Oops—this was supposed to be the ‘Food’ paragraph and I’ve digressed. We did have another major battle about food one morning when I decided not to let Saffron go to school if she refused to eat breakfast. She stormed around and bawled for an hour and a half. At one point she was repeating something in Amharic I couldn’t understand. I asked Willa what she was saying, and she very guiltily informed me it was “you’re not my mom.” Actually, that didn’t bother me a bit. I’m sure all this change and will-battling with me makes her miss her “Meki Mom,” as we call her (her mother in the town of Meki, where she’s from). I said, “I know, you’re right. I’m not your first mom. I’m sure you miss her.” Then I said something about Ethiopia, which she must have interpreted to be going back there. She suddenly stopped crying and said, “No Ethiopia! No Ethiopia! America!” I promised her we were never going to send her back. It’s sad to me that she even still fears that, but I know it’s not unusual. At this point she realized she was about to miss first recess, so promptly ate the offending oatmeal. I took her to school.

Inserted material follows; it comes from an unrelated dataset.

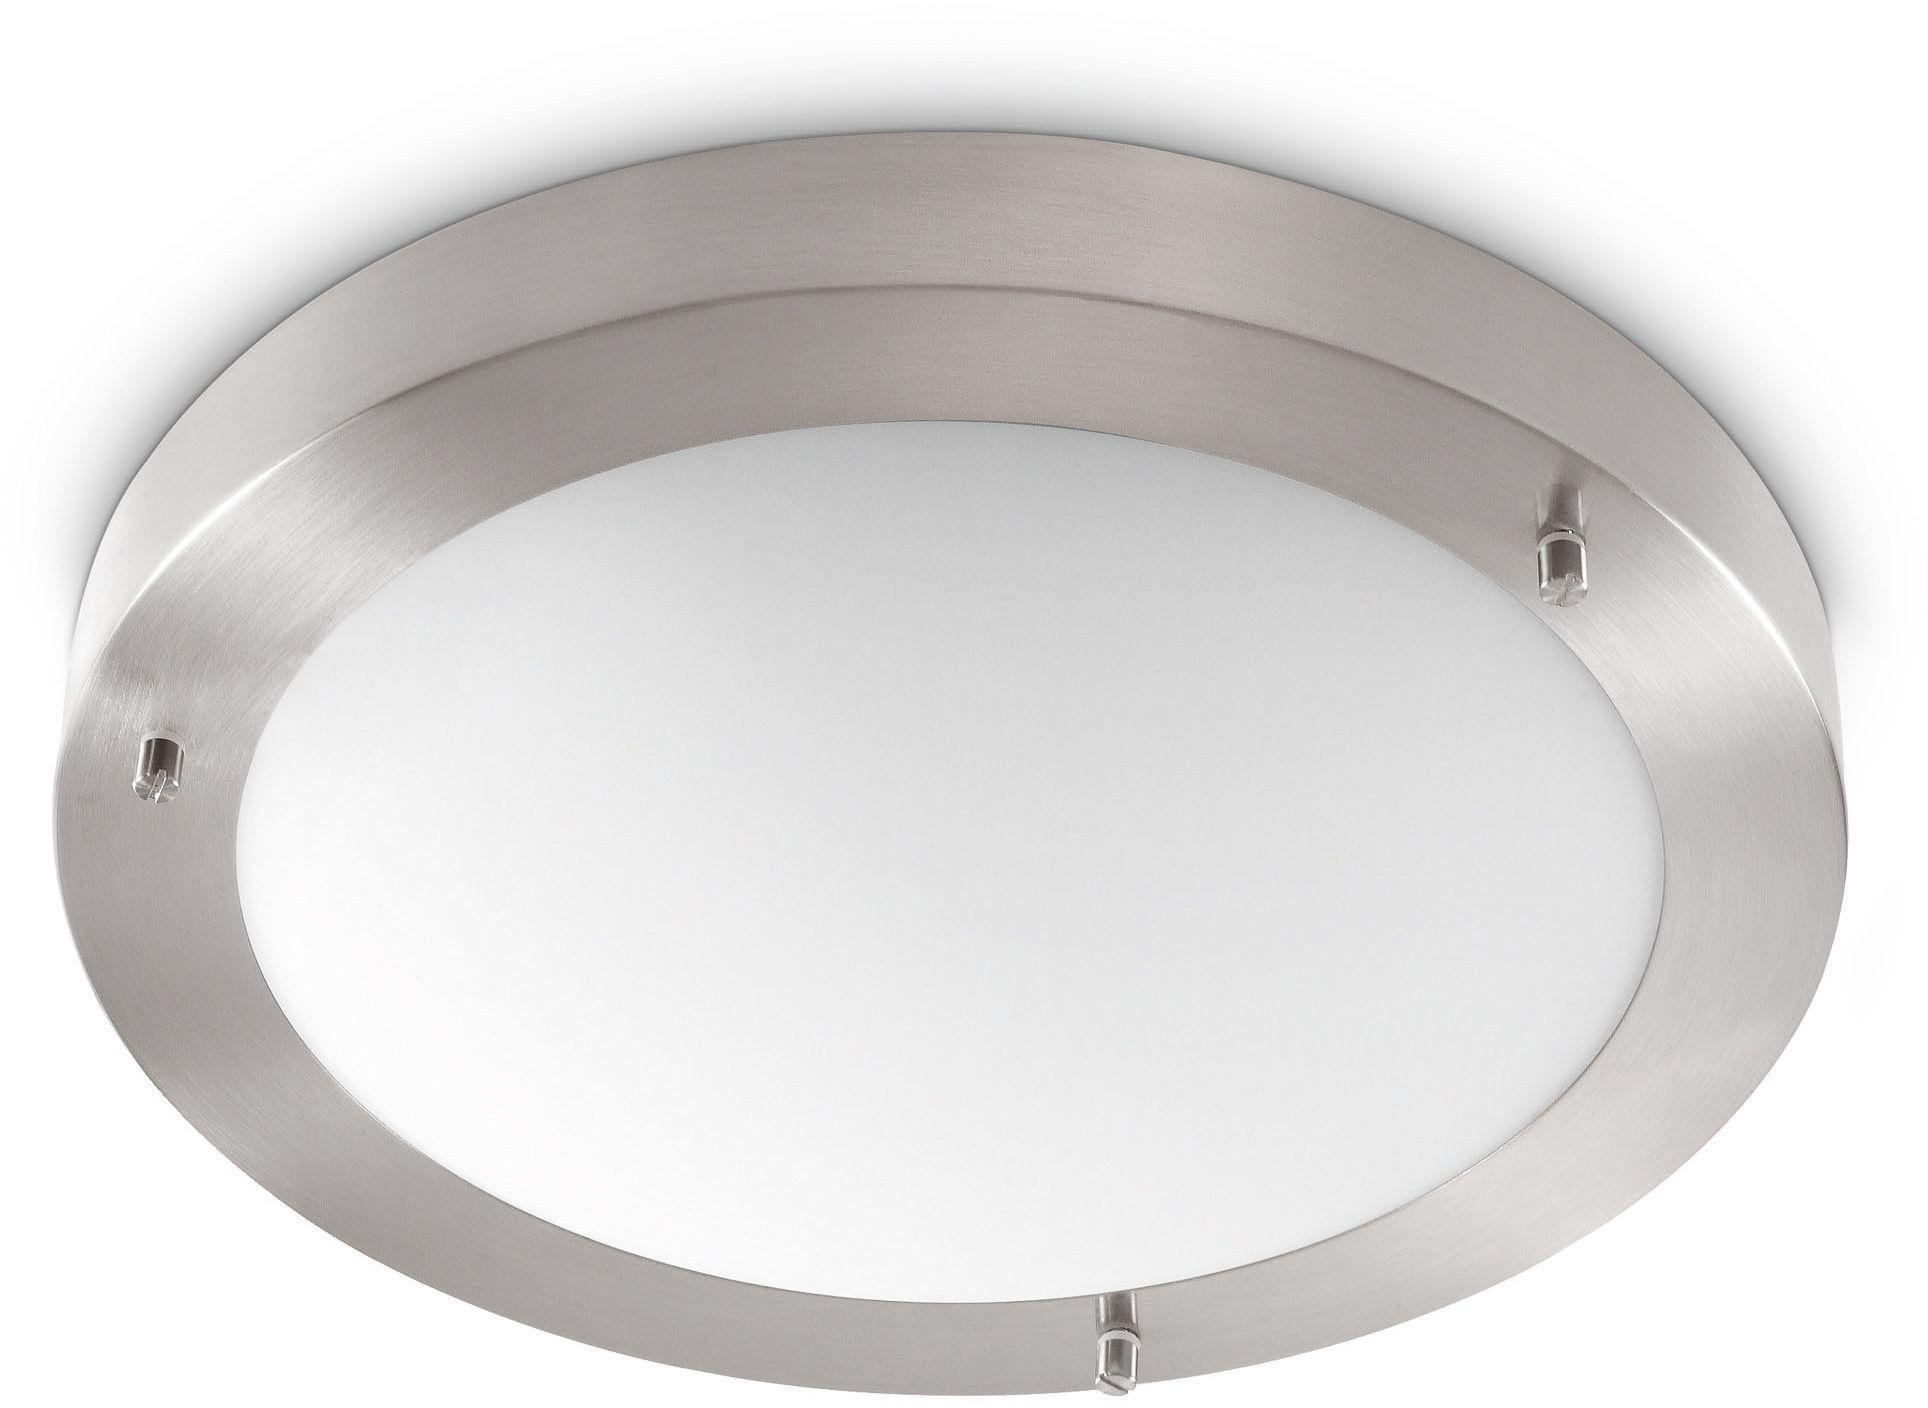 Philips myBathroom Salts Ceiling Light - Matt Chrome.

--Giving Myself A Big Timeout: On the day before Thanksgiving, Saffron was really upset. For the life of me, I can’t remember why. It had been a really hard day, and was at the end of my three most discouraging days. I took Ruby to the grocery store to have a break, but when I got back I still felt upset. I knew I was getting irrationally bothered. I tried to call Rundassa’s wife, but couldn’t reach her. I couldn’t calm myself down enough to be nice, and Saffron continued to scream. I realized what I really needed was a nap. But I couldn’t take one, because Saffron kept going out the front door. She didn’t go far, but I obviously couldn’t go to sleep and let her wander around outside. Jasper was fed up trying to keep her inside, and they were about to come to blows. So I called my dear friend Emily, and asked her the Biggest Favor Ever. “If I don’t get a nap I will do something I regret,” I said. “Would you mind if I bring you a screaming 8-year-old? All you have to do is keep her in your house while I try to sleep.” Emily agreed right away, and was immediately granted sainthood. I drove Saffron up to her house, and had to peel her screaming from the car. I kept telling her I would be back soon. She bawled at Emily’s house for almost an hour before Steve picked her up. We both had our worst day, and ever since then it’s been better. Saffron has been the gem we always knew she was inside. I’ve been the non-descript-element-of-some-sort we always knew I was.


Life hasn’t and won’t be totally smooth from here on out, but we are really getting the hang of it—all six of us. I think we’re starting to be a family. And a happy one.